2018-04-23T21:00:00Z

by Carl D. Britto, Zoe A. Dyson, Sebastian Duchene, Michael J. Carter, Meeru Gurung, Dominic F. Kelly, David R. Murdoch, Imran Ansari, Stephen Thorson, Shrijana Shrestha, Neelam Adhikari, Gordon Dougan, Kathryn E. Holt, Andrew J. Pollard

Background

Children are substantially affected by enteric fever in most settings with a high burden of the disease, including Nepal. However pathogen population structure and transmission dynamics are poorly delineated in young children, the proposed target group for immunization programs. Here we present whole genome sequencing and antimicrobial susceptibility data on 198 S. Typhi and 66 S. Paratyphi A isolated from children aged 2 months to 15 years of age during blood culture surveillance at Patan Hospital, Nepal, 2008–2016.

Principal findings

S. Typhi was the dominant agent and comprised several distinct genotypes, dominated by 4.3.1 (H58). The heterogeneity of genotypes in children under five was reduced compared to data from 2005–2006, attributable to ongoing clonal expansion of H58. Most isolates (86%) were non-susceptible to fluoroquinolones, associated mainly with S. Typhi H58 Lineage II and S. Paratyphi A harbouring mutations in the quinolone resistance-determining region (QRDR); non-susceptible strains from these groups accounted for 50% and 25% of all isolates. Multi-drug resistance (MDR) was rare (3.5% of S. Typhi, 0 S. Paratyphi A) and restricted to chromosomal insertions of resistance genes in H58 lineage I strains.
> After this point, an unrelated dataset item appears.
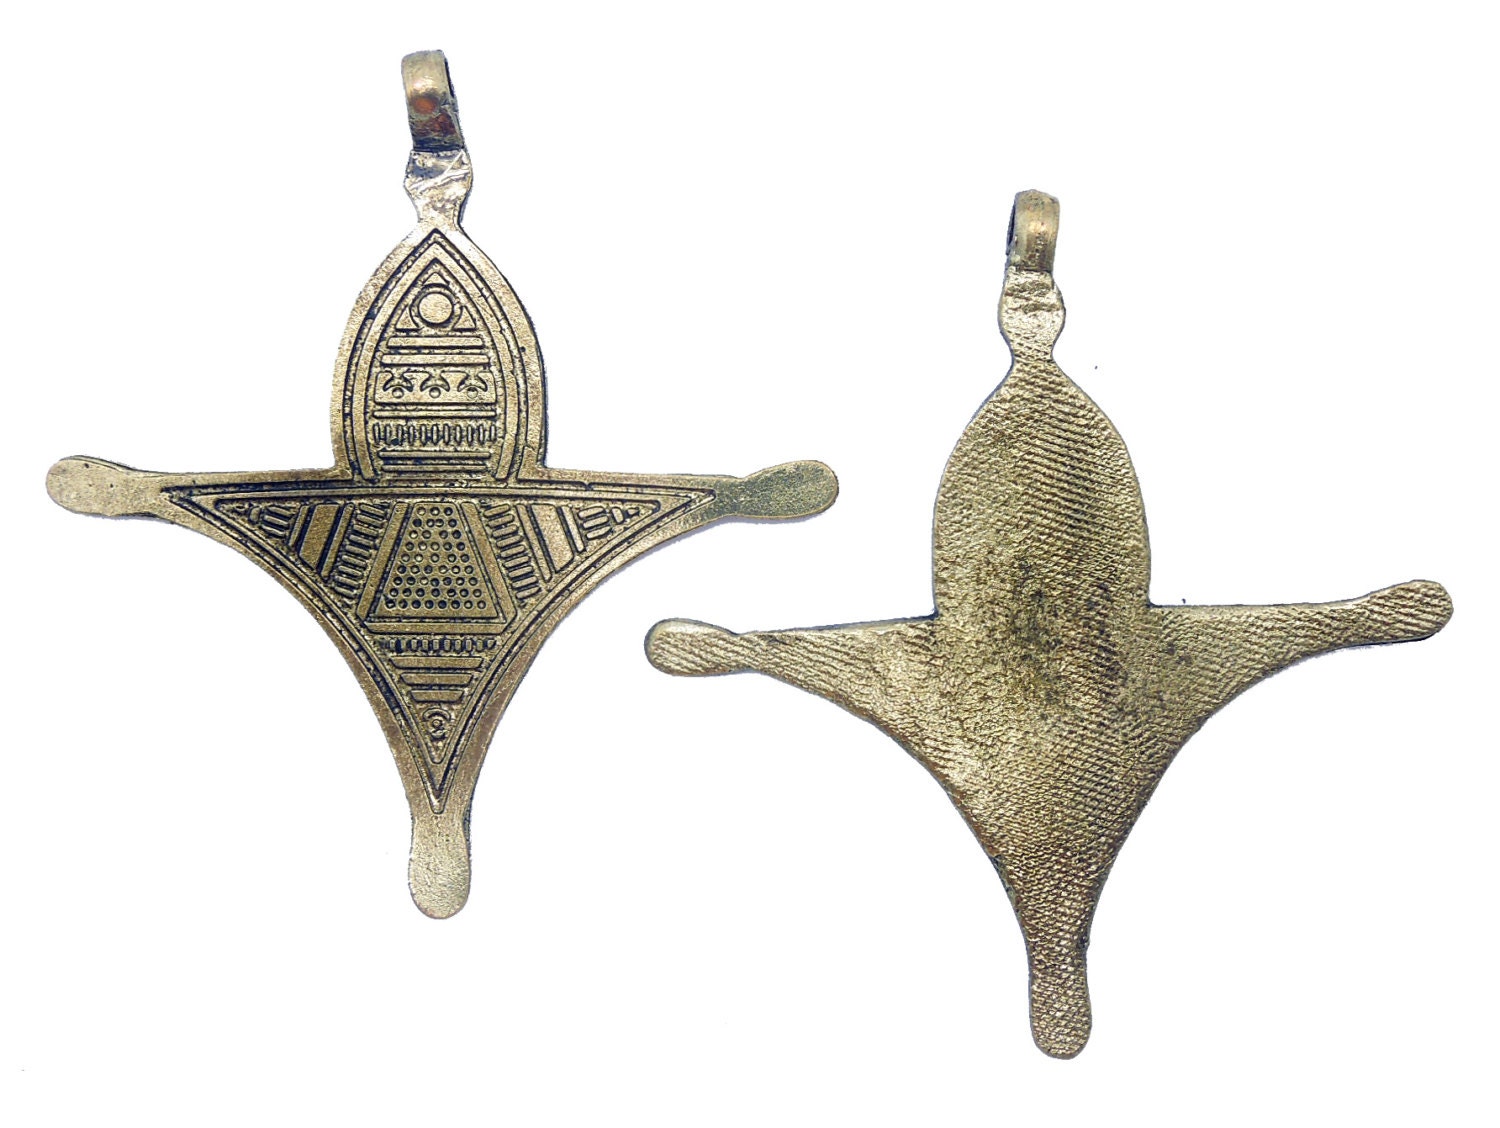 Brass Engraved Fan Pendant S58B13-02 Tibetan Brass Pendant

Temporal analyses revealed a shift in dominance from H58 Lineage I to H58 Lineage II, with the latter being significantly more common after 2010. Comparison to global data sets showed the local S. Typhi and S. Paratyphi A strains had close genetic relatives in other South Asian countries, indicating regional strain circulation. Multiple imports from India of ciprofloxacin-resistant H58 Lineage II strains were identified, but these were rare and showed no evidence of clonal replacement of local S. Typhi.

Significance

These data indicate that enteric fever in Nepal continues to be a major public health issue with ongoing inter- and intra-country transmission, and highlights the need for regional coordination of intervention strategies. The absence of a S. Paratyphi A vaccine is cause for concern, given its prevalence as a fluoroquinolone resistant enteric fever agent in this setting.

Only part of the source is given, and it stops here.